I don’t think a community museum is something that can be implemented, deductively, from the top down. It needs to arise organically. In this way, the best an existing organization can do is set up the conditions of possibility for a community museum to arise and shape itself accordingly. This would involve redistributing power and resources equitably.

Question 6: Did YoU change the way you exist within museums?

 I have been thinking a lot about institutional psychotherapy in relation to museums. In the field of institutional analysis there is the concept of pathoplasty, in which institutions, rather than individuals, are seen as the location of illness. Pathoplasty usefully shifts the site of pathology from persons embedded in the larger system onto the structures and institutional culture surrounding them. 

From this perspective, emotional outbursts and interpersonal conflicts within a workplace are not treated as individual failings, but as symptoms of an underlying institutional malady. Extending this analysis, the relationship between the culture of an institution and surrounding society snaps into focus. As Tema Okun has pointed out, workplace cultures of imposed urgency (“hurry up and wait”), competitiveness, austerity, perfectionism, opaque decision making, power hoarding, paternalism, fear of open conflict, emphasis on quantity over quality, individualism, “either/or” thinking, can thus be understood as manifestations of the ideology of white supremacy.

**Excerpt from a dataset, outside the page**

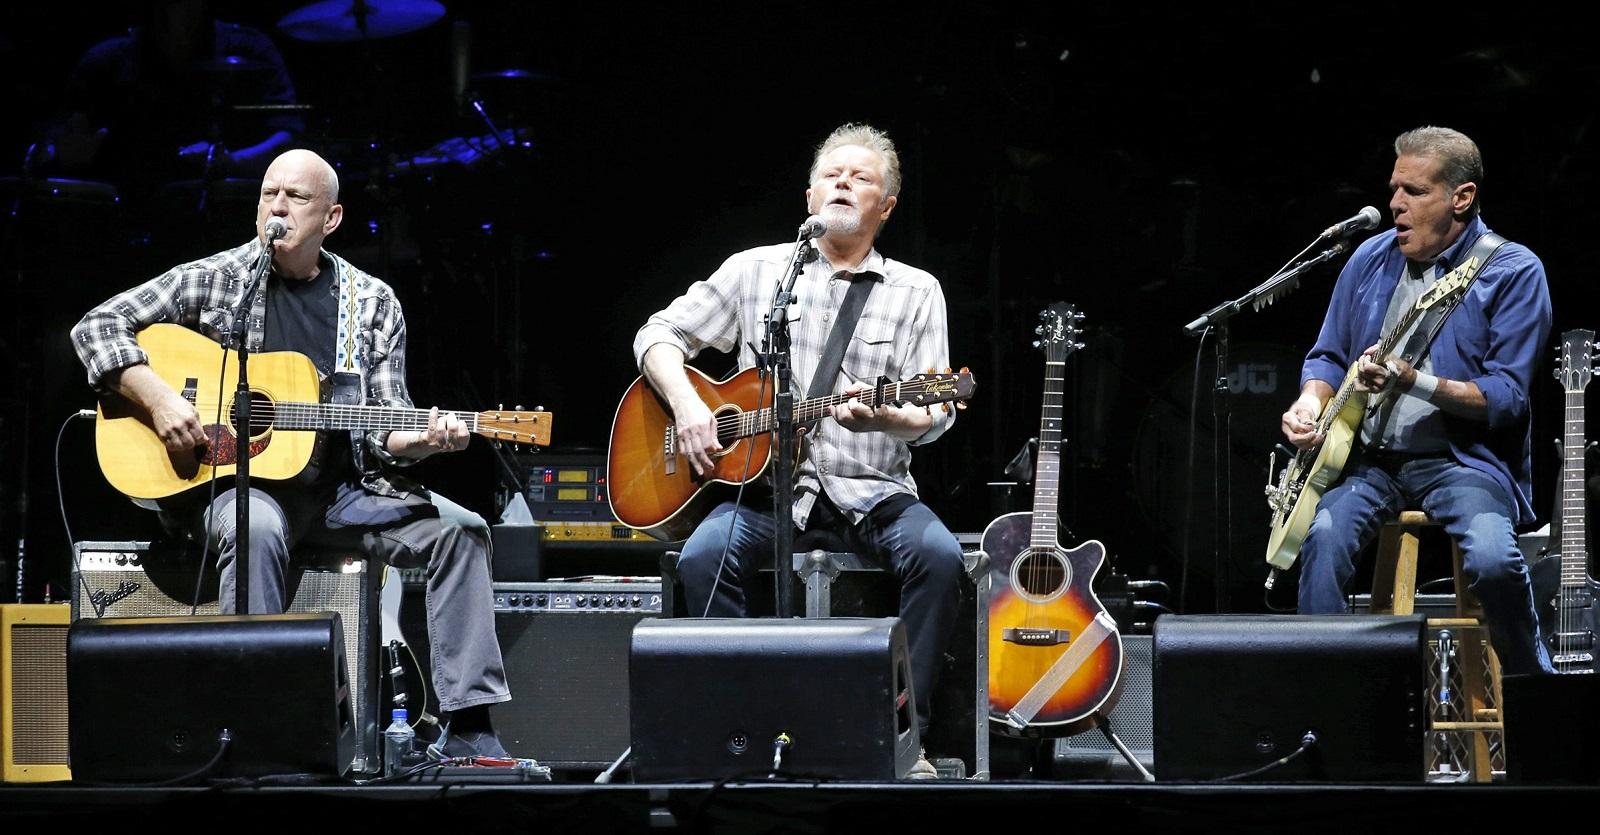 Eagles, from left, Bernie Leadon, Don Henley, Glenn Frey perform at the First Niagara Center.  (Harry Scull Jr./Buffalo News)

Question 7: What do you think is the most important question or issue about the role of museums that arose during YoU?

Many museums suffer from a crisis of accountability. They claim to serve everybody. This is an impossible task. The interests of the people with power over a museum are systemically separate and inimical to the interests of people without power. This tension is apparent in the ways museums often pursue infinite growth at the sake of maintenance and care of what they already have. The question that arose for me is what can we do as artists in the face of this unsustainability. How can we intervene in institutions that don’t want to change?